Exile and Pride: Disability, Queerness, and Liberation
By Eli Clare
In the book, Exile and Pride, the writer and activist Eli Claire discusses the intersection of disability and queerness. He writes his essays from the collectiveness and combination of memoir, history and political thinking. Hence, the book offered an intersectional scope for understanding our and others’ bodies and lives, along with their positionality in the politics of oppression, power and resistance. At the heart of the book, Eli calls for a social justice movement that is truly accessible to everyone. The book opens up a reality where everyone in their messy and complex selves can realize and find the love and embracement they deserve.
The book was first published in 1999 and was and still is essential to the history and future of disability politics. Eli’s book as a genderqueer activist/writer with cerebral palsy has permanently changed the landscape of disability politics and queer liberation. The work by Eli has therefore secured its position of being an essential part of the history of queer and disability politics and the understanding of these bodies and minds in society.
Eli’s book is divided into two major parts, place and body. In the section on place, Eli talked about finding a place that feels like home, not only as a physical space but also bodily and mental home. He also discusses home in the form of having to leave a place that has been “home” or even being exiled from it. He also reflects on the notion of the environment as a place of calmness and the need for its protection. In the second section, body, Eli goes more in-depth into the identity politics of being genderqueer and disabled. He discusses terminology of bodies and minds like his own, but also gives visibility to the complexity of this intersection of identities, like considering class and race.
Eli has a thoroughly kind way of writing and sharing his lived experiences, despite the re-encounters he tells about can be triggering and horrific to read. He captures the reader already in his beautifully written chapter “the mountain”.
Eli Clare is an activist, a writer, a speaker, a poet and a teacher. He is also white, disabled and genderqueer, who has since 2008 spoken, taught, and consulted (both in-person and remotely) at well over 150 conferences, community events, and colleges across the United States and Canada. Other publications of Eli’s include the book Brilliant Imperfection: Grappling with Cure, which won the 2018 Publishing Triangle’s Randy Shilts Award for Gay Nonfiction, and a poetry collection called The Marrow’s Telling: Words in Motion.
“How pleasurable it is to pick up a book that merely intrigues you because of its title and find that it is a gem well beyond its cover. This rare phenomenon happened when I came across Eli Clare’s Exile and Pride.
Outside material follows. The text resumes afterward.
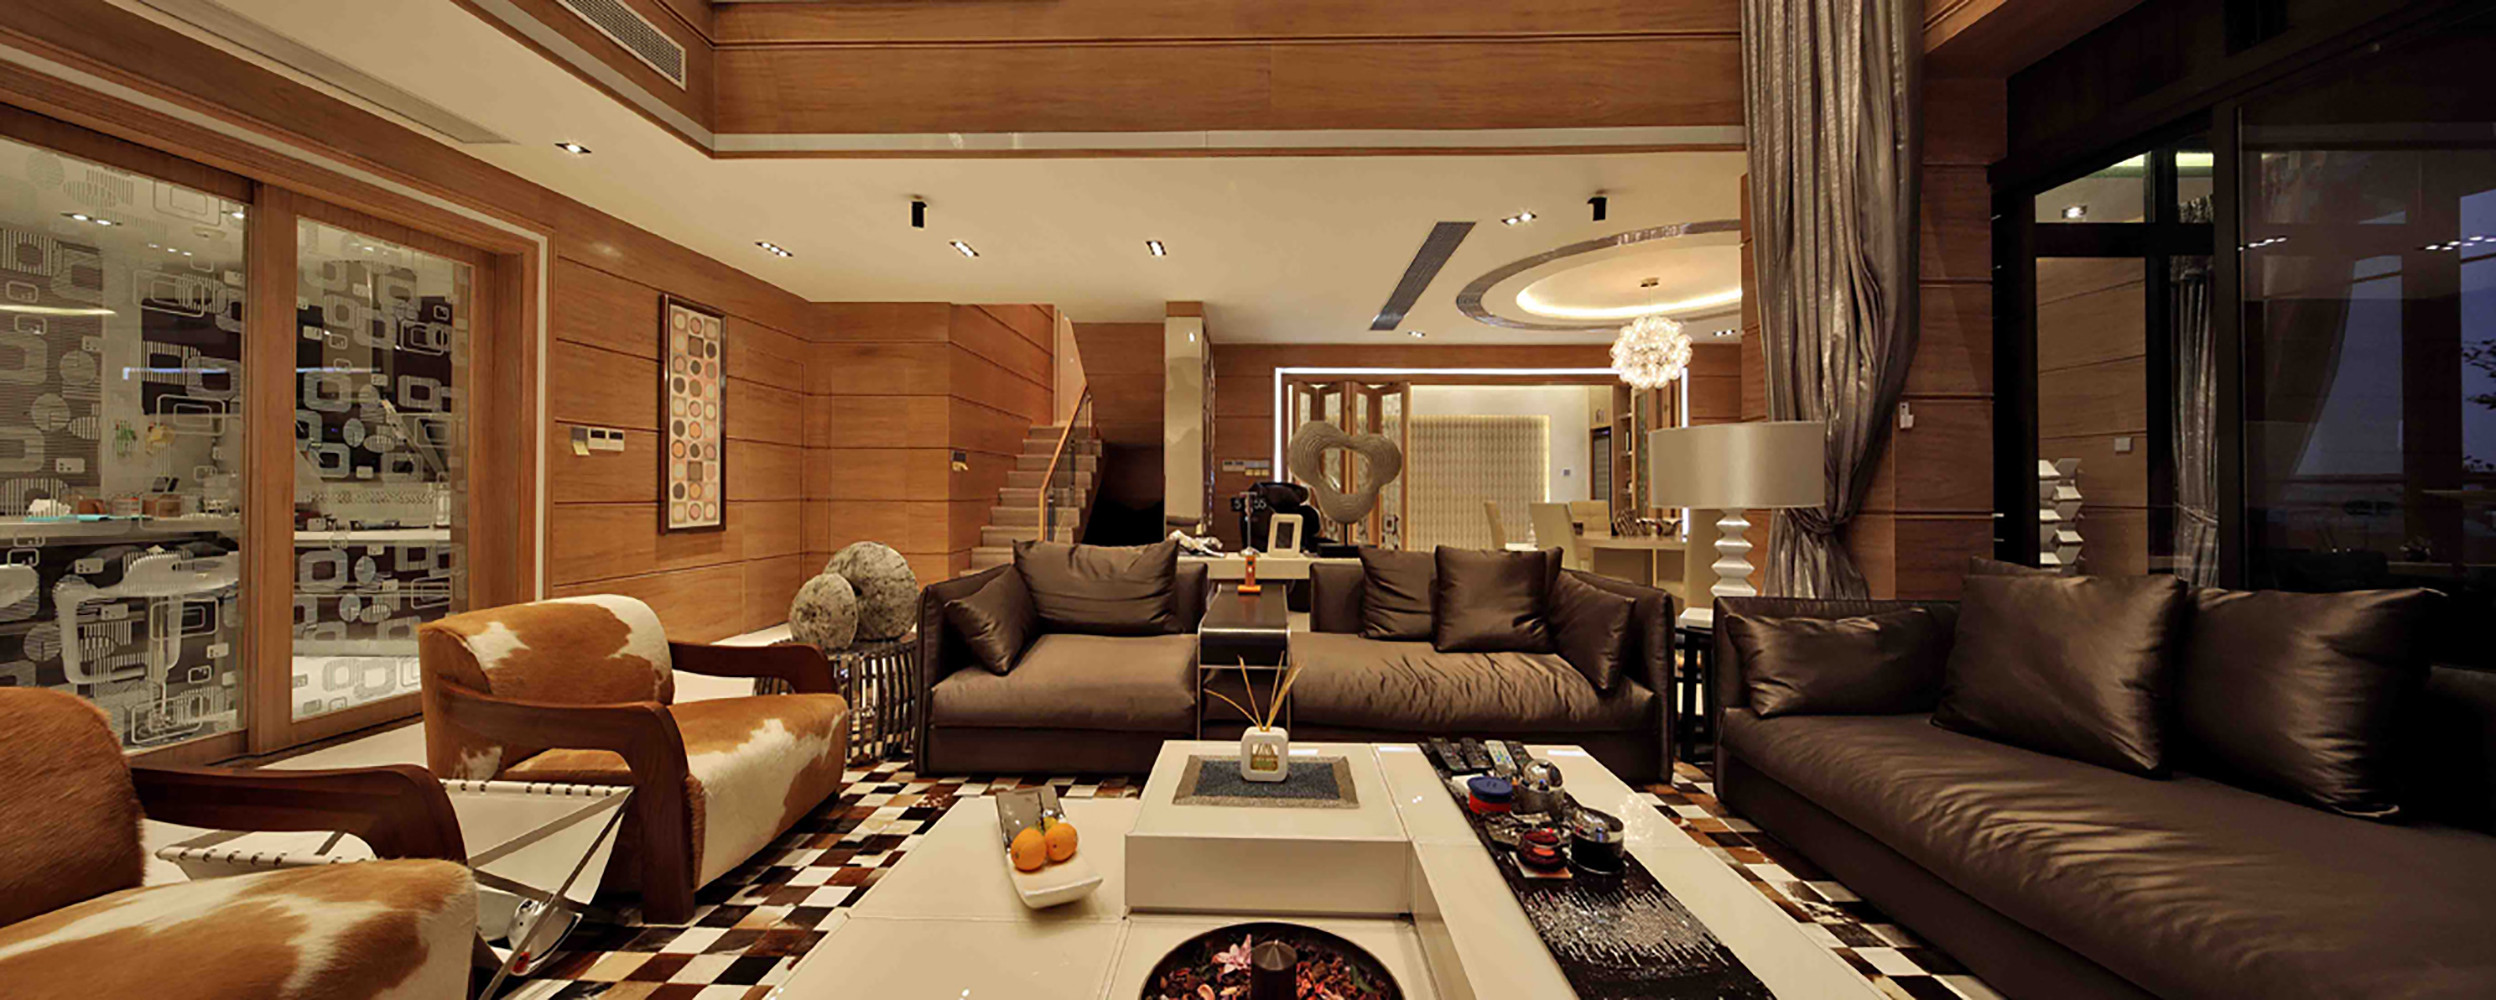 别墅装修,富裕型装修,140平米以上装修,客厅,现代简约风格,沙发,灰色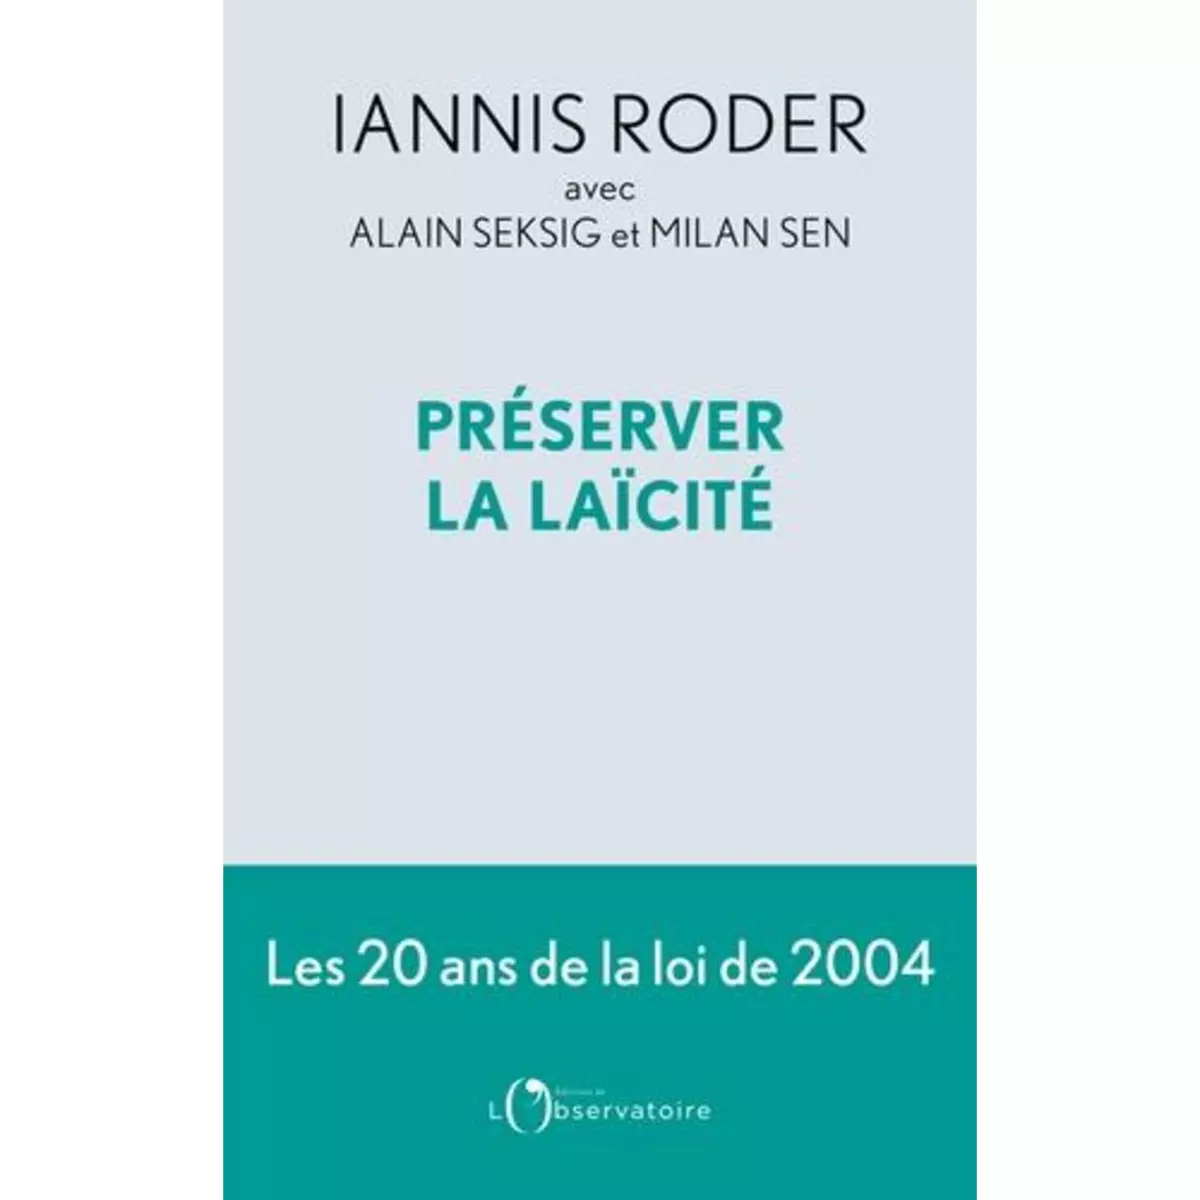  PRESERVER LA LAICITE, Roder Iannis

Only a maestro of a writer can adroitly weave together her own story plus environmental, political, disability, and lesbian issues into a cohesive whole, coming out with such clarity that you find yourself identifying with many parts and muttering, ‘But of course.’ This thin volume is so thick with thought that you almost feel you have just devoured an oversized piece of key lime pie—indeed a rich treat to digest.”
—Feminist Collections: A Quarterly of Women’s Studies Resources
“The books that move us most are the ones that help us make sense of our experience, that take pieces of what we already know and put it together with new insights, new analysis, enabling us to form a fresh vision of ourselves and our lives. For me, Audre Lorde’s Sister Outsider and Adrienne Rich’s On Lies, Secrets, and Silence were such books, and there were significant others along the way. And now there’s Eli Clare’s Exile and Pride.”